Output the listing below exactly, minus its images.

■ Data extract ■
========
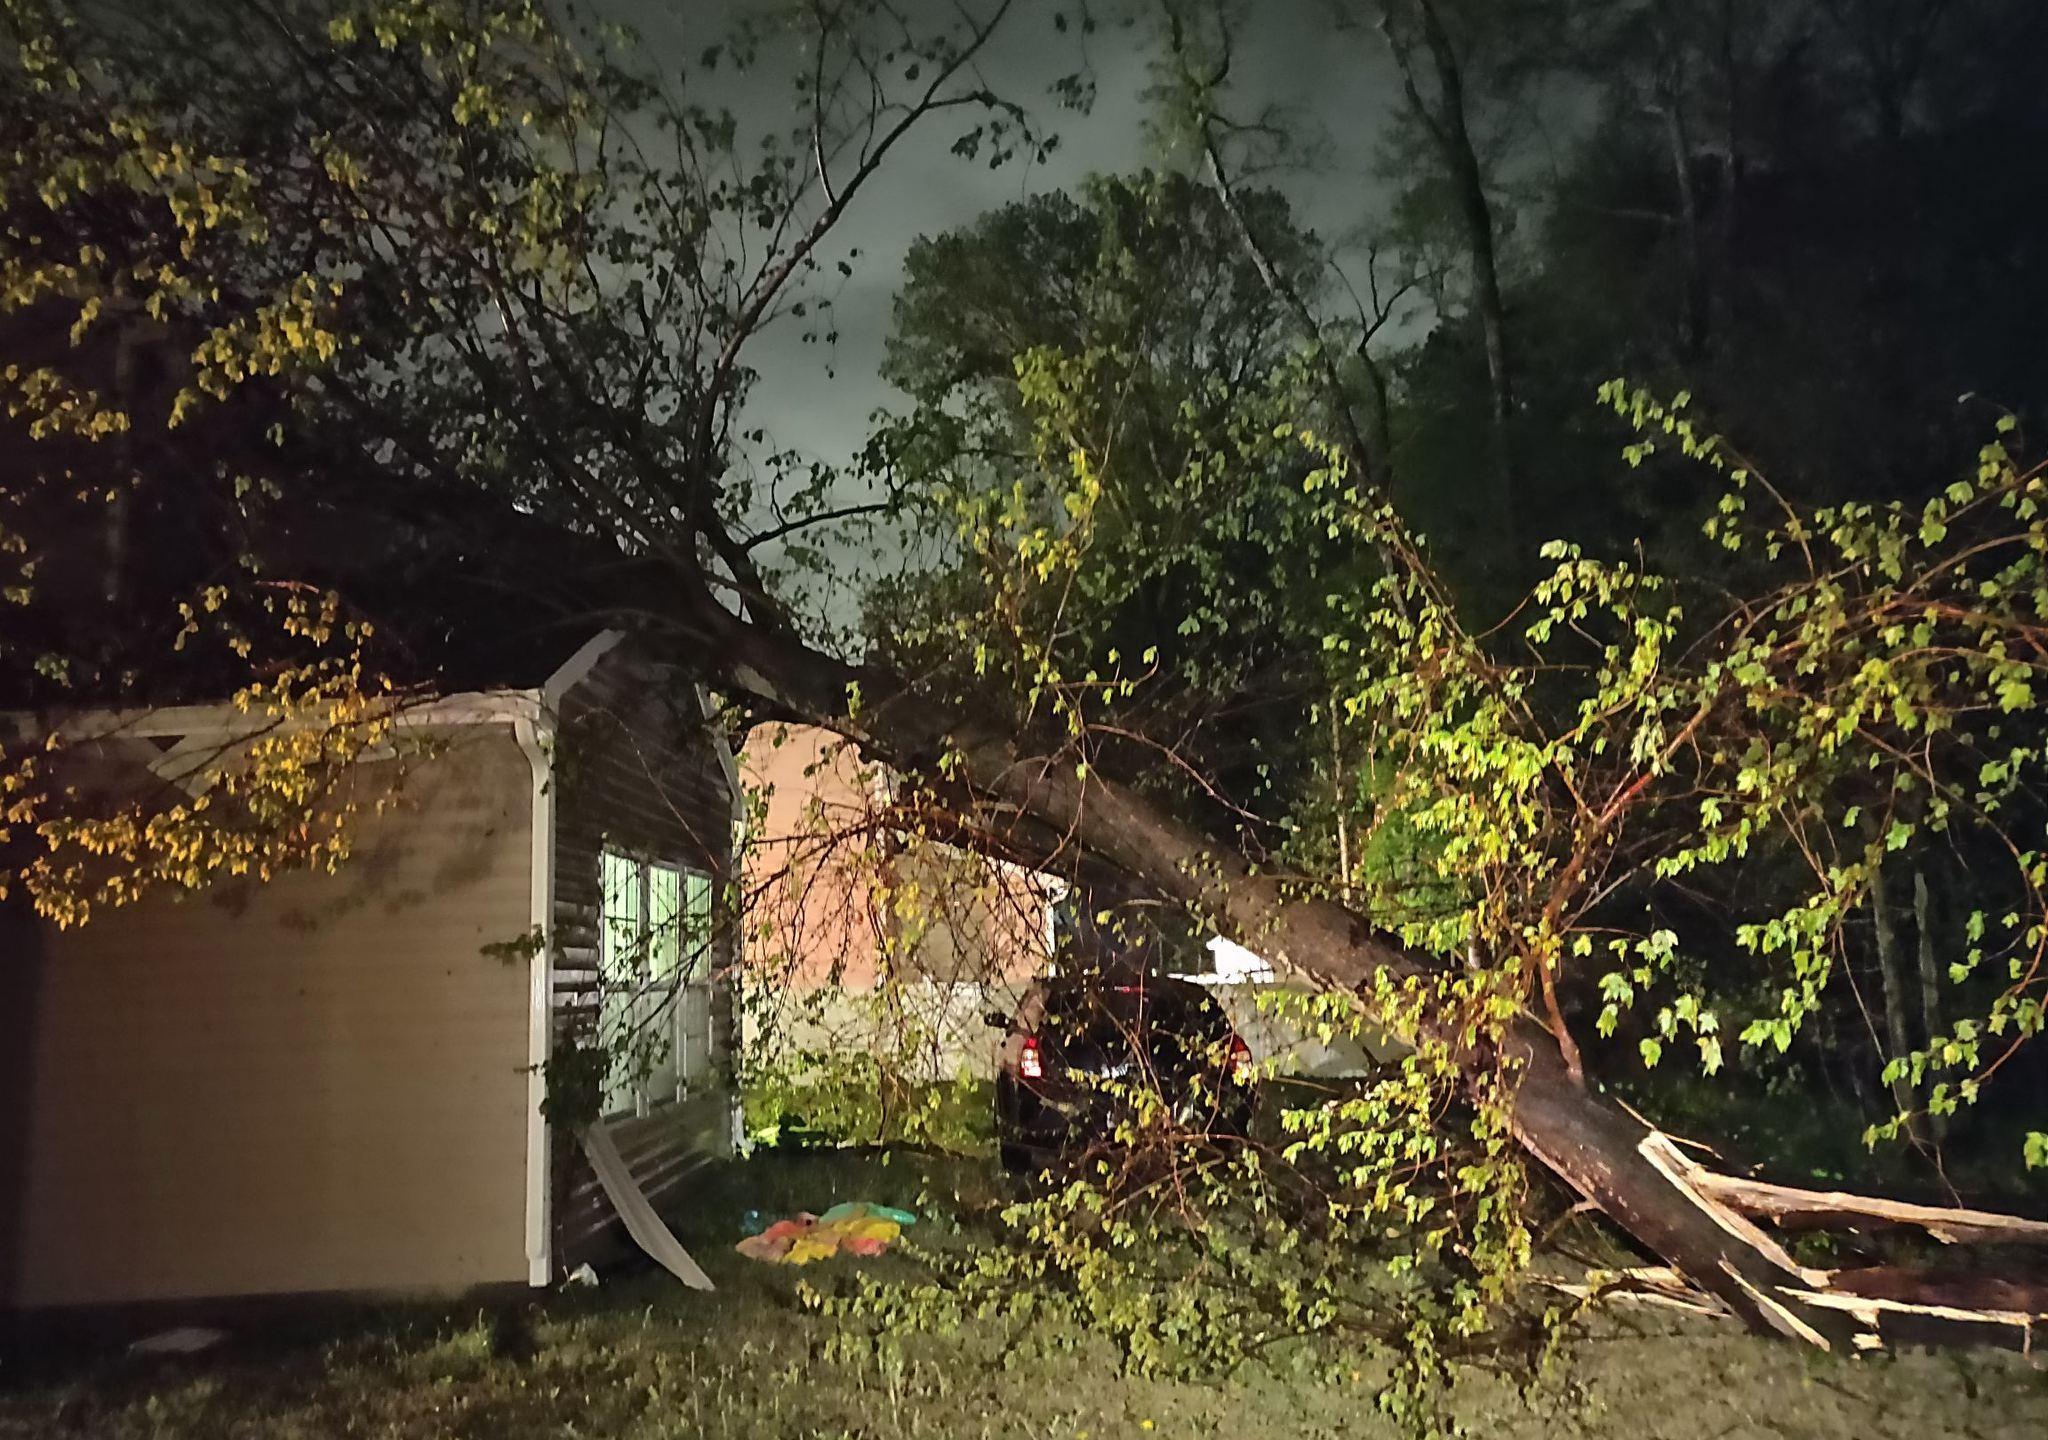 NN Newman Rd tree damage, Kiahnna Patterson3_1555320007591.jpeg.jpg
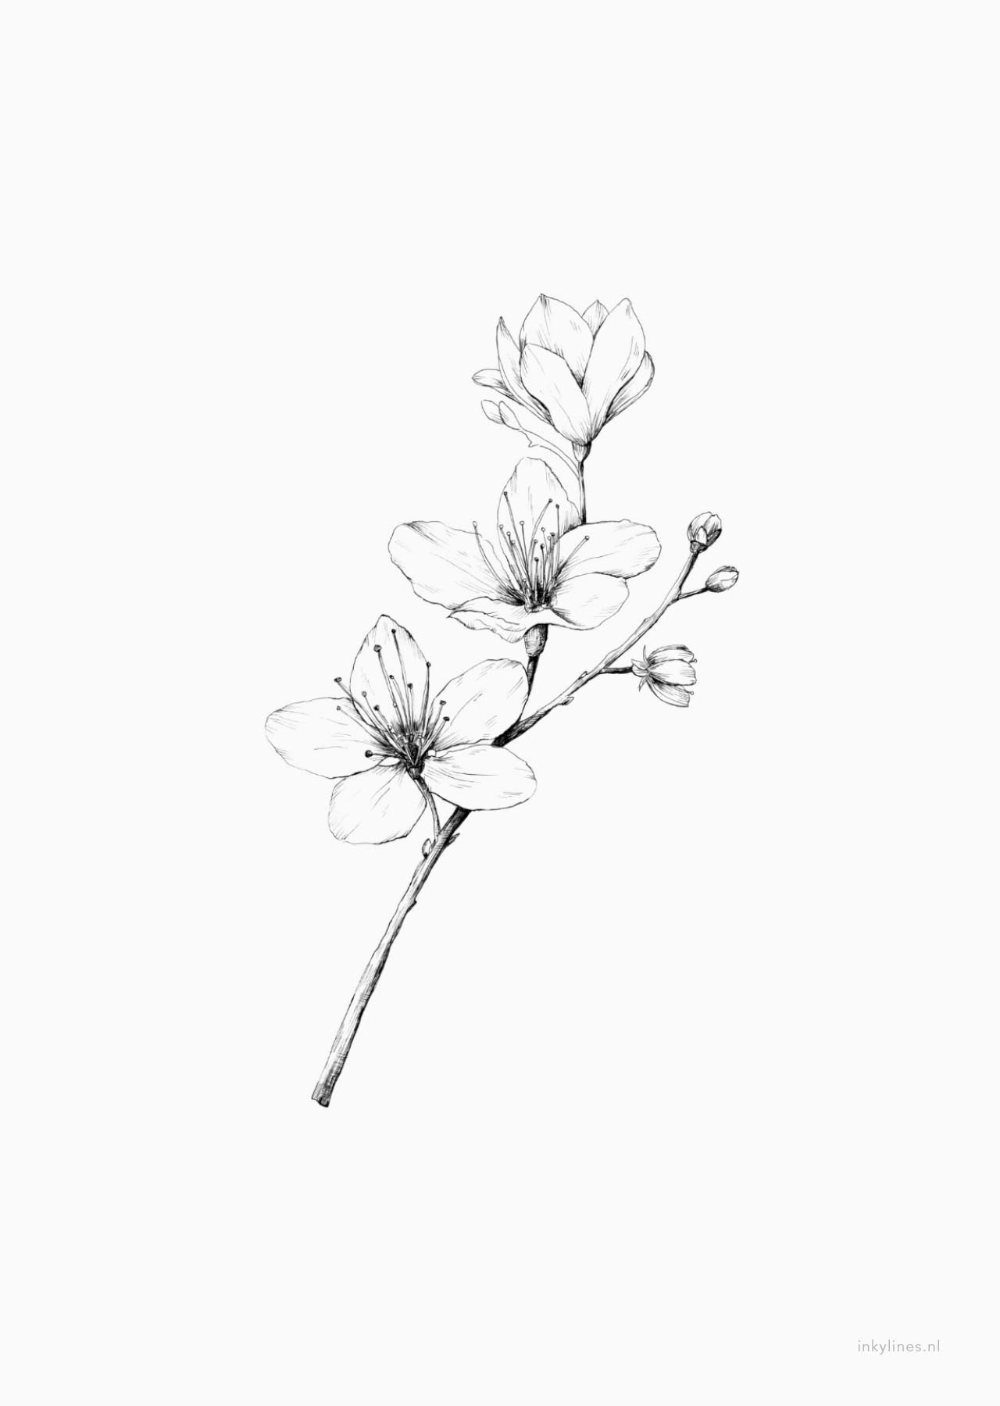 Flowers Cherry Blossom Blossom Tattoo Cherry Blossom Tattoo Cherry Blossom Drawing
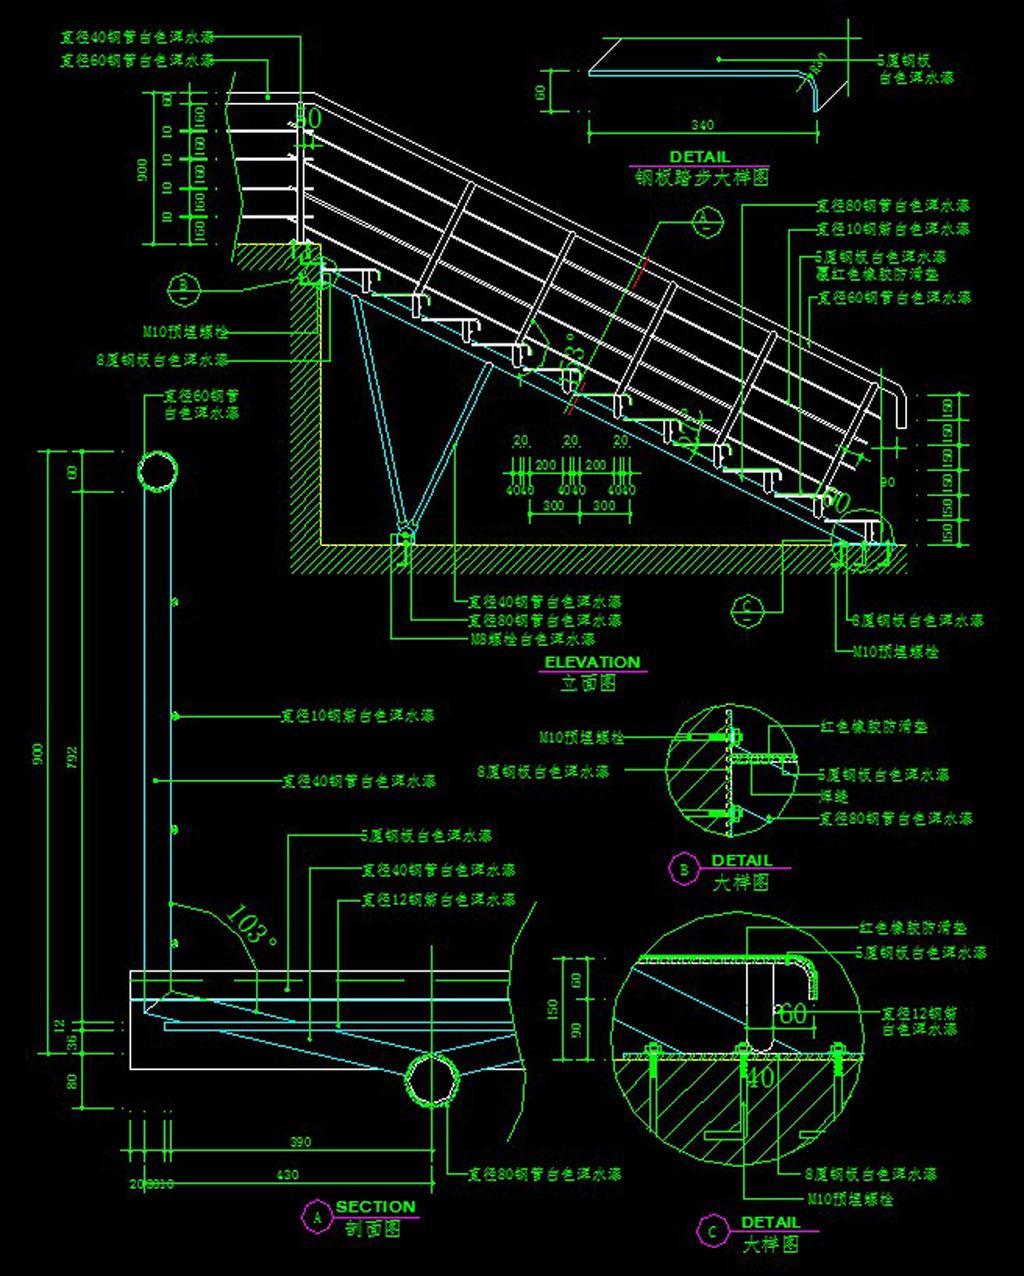 楼梯节点栏杆节点 楼梯cad 楼梯图纸 不锈钢楼梯扶手 木头楼梯扶手
========
■ Result below ■
 NN Newman Rd tree damage, Kiahnna Patterson3_1555320007591.jpeg.jpg
 Flowers Cherry Blossom Blossom Tattoo Cherry Blossom Tattoo Cherry Blossom Drawing
 楼梯节点栏杆节点 楼梯cad 楼梯图纸 不锈钢楼梯扶手 木头楼梯扶手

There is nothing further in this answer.